**Prompt:** Two lines in the data below mark the range: the one with "Fried red potatoes on white plate" and the one with "Freedom Square view from Gdanska Street". Return both, along with every line between them, exactly.

Extracted records
------------------------------------------------------------

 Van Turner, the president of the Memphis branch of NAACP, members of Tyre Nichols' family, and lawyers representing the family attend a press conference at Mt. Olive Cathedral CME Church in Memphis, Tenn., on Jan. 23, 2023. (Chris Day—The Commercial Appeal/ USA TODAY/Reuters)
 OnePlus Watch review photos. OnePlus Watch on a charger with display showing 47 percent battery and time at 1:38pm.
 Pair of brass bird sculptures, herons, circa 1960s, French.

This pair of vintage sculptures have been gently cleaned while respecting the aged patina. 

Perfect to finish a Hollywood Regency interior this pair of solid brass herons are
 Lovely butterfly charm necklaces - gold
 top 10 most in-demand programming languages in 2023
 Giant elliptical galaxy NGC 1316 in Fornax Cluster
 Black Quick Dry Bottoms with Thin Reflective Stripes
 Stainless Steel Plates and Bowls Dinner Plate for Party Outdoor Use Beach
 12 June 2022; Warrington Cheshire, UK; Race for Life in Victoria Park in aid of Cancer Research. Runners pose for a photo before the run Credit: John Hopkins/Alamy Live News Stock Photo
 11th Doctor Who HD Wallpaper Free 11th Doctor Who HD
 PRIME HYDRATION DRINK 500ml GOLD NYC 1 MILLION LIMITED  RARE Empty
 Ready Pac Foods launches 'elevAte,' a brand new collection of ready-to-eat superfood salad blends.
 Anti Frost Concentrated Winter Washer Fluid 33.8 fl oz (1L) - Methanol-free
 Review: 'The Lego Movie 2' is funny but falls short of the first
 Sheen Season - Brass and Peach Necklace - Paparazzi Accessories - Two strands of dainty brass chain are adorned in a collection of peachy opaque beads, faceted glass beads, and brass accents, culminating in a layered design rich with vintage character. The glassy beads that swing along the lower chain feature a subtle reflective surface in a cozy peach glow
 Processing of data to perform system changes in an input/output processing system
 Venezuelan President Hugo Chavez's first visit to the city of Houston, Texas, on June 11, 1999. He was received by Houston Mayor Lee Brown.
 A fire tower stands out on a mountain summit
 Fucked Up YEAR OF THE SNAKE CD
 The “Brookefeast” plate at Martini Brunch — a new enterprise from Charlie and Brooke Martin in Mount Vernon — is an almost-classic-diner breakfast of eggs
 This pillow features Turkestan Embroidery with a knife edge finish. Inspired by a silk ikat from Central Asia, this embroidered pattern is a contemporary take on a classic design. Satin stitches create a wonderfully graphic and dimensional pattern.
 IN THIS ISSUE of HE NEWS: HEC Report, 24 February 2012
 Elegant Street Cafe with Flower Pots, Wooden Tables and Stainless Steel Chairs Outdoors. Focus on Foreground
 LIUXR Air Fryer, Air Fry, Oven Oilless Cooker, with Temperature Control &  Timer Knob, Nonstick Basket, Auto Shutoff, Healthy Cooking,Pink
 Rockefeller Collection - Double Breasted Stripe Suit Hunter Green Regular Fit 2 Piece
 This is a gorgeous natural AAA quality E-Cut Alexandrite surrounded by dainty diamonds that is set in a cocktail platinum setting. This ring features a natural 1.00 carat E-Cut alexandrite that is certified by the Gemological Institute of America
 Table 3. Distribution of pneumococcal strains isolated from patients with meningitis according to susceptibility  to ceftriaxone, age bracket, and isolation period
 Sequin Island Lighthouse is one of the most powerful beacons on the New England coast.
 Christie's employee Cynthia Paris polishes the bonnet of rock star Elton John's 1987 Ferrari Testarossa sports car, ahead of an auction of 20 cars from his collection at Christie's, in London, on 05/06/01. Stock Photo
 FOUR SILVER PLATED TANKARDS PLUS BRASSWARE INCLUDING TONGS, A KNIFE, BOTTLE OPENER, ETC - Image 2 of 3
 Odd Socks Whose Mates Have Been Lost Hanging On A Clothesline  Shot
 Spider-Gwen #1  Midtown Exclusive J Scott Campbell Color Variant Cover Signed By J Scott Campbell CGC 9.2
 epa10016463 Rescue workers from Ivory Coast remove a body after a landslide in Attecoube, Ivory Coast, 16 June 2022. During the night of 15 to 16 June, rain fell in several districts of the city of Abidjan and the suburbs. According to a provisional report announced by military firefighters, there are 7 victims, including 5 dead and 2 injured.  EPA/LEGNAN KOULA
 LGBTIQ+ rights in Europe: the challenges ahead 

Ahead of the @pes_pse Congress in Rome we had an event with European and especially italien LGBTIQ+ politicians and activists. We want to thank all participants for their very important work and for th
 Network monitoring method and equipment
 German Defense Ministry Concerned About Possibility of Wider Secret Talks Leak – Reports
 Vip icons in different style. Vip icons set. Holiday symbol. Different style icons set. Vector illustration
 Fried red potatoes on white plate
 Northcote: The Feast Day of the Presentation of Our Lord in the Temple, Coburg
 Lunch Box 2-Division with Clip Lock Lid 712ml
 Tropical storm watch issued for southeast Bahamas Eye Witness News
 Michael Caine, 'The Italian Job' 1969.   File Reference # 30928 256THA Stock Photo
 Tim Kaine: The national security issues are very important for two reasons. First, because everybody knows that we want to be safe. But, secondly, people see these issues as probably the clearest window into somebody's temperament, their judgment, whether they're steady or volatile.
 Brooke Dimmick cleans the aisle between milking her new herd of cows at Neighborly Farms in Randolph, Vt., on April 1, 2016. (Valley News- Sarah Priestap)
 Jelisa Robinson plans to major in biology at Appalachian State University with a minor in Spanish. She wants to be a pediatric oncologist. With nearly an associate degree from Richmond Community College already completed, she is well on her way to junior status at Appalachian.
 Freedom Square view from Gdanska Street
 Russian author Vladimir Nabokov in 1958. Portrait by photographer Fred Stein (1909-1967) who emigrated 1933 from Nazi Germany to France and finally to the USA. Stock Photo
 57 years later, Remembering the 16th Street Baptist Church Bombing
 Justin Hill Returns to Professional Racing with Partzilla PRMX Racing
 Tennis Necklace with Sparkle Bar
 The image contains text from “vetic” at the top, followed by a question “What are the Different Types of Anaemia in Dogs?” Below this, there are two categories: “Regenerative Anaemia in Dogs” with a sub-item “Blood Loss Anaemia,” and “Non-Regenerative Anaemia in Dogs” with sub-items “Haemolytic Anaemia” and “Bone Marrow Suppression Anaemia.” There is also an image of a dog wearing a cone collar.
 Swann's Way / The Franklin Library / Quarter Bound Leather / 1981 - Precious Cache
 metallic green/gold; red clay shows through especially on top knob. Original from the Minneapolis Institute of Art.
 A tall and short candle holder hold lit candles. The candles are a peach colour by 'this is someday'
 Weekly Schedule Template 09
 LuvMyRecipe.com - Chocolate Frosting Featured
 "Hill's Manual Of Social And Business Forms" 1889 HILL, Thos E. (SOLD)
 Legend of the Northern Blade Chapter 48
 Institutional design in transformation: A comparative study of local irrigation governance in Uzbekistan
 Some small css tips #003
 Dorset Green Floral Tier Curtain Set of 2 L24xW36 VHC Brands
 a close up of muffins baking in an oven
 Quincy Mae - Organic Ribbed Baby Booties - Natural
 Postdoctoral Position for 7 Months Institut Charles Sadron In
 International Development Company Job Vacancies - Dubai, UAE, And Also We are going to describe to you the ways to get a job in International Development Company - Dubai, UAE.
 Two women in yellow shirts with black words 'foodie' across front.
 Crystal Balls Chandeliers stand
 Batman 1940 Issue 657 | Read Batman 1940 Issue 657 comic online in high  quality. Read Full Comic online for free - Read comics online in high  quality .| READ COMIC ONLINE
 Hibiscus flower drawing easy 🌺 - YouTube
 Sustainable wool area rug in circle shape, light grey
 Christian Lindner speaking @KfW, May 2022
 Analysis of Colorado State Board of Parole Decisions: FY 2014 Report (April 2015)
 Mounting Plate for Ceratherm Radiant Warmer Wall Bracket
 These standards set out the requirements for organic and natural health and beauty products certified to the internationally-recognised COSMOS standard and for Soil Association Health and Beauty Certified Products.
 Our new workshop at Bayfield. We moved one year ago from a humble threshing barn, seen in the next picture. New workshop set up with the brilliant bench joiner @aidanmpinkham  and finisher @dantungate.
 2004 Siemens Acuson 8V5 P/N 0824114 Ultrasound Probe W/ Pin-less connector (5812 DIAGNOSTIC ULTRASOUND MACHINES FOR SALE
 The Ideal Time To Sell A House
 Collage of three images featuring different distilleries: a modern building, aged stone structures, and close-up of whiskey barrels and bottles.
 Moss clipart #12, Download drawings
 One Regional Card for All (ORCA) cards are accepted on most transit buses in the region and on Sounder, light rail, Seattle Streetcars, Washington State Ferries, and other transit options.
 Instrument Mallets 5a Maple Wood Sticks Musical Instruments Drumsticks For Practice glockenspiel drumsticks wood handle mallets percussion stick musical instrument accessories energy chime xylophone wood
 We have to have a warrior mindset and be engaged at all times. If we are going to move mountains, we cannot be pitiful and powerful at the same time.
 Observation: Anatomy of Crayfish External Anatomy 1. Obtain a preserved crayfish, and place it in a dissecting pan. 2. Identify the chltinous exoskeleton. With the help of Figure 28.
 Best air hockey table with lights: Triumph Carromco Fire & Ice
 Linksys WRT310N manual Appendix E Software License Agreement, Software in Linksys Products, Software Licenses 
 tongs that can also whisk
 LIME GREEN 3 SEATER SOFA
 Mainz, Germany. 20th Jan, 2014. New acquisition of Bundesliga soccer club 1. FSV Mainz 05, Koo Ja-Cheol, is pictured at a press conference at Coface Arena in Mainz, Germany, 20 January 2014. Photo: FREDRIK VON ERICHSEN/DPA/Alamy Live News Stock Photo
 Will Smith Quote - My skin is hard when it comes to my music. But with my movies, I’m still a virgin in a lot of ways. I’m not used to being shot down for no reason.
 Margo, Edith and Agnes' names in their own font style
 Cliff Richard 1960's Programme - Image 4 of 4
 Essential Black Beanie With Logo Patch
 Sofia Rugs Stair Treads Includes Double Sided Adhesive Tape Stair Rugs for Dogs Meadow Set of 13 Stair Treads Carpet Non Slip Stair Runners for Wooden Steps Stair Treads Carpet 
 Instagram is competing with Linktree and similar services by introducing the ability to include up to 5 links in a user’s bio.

------------------------------------------------------------

**Written answer:**
 Fried red potatoes on white plate
 Northcote: The Feast Day of the Presentation of Our Lord in the Temple, Coburg
 Lunch Box 2-Division with Clip Lock Lid 712ml
 Tropical storm watch issued for southeast Bahamas Eye Witness News
 Michael Caine, 'The Italian Job' 1969.   File Reference # 30928 256THA Stock Photo
 Tim Kaine: The national security issues are very important for two reasons. First, because everybody knows that we want to be safe. But, secondly, people see these issues as probably the clearest window into somebody's temperament, their judgment, whether they're steady or volatile.
 Brooke Dimmick cleans the aisle between milking her new herd of cows at Neighborly Farms in Randolph, Vt., on April 1, 2016. (Valley News- Sarah Priestap)
 Jelisa Robinson plans to major in biology at Appalachian State University with a minor in Spanish. She wants to be a pediatric oncologist. With nearly an associate degree from Richmond Community College already completed, she is well on her way to junior status at Appalachian.
 Freedom Square view from Gdanska Street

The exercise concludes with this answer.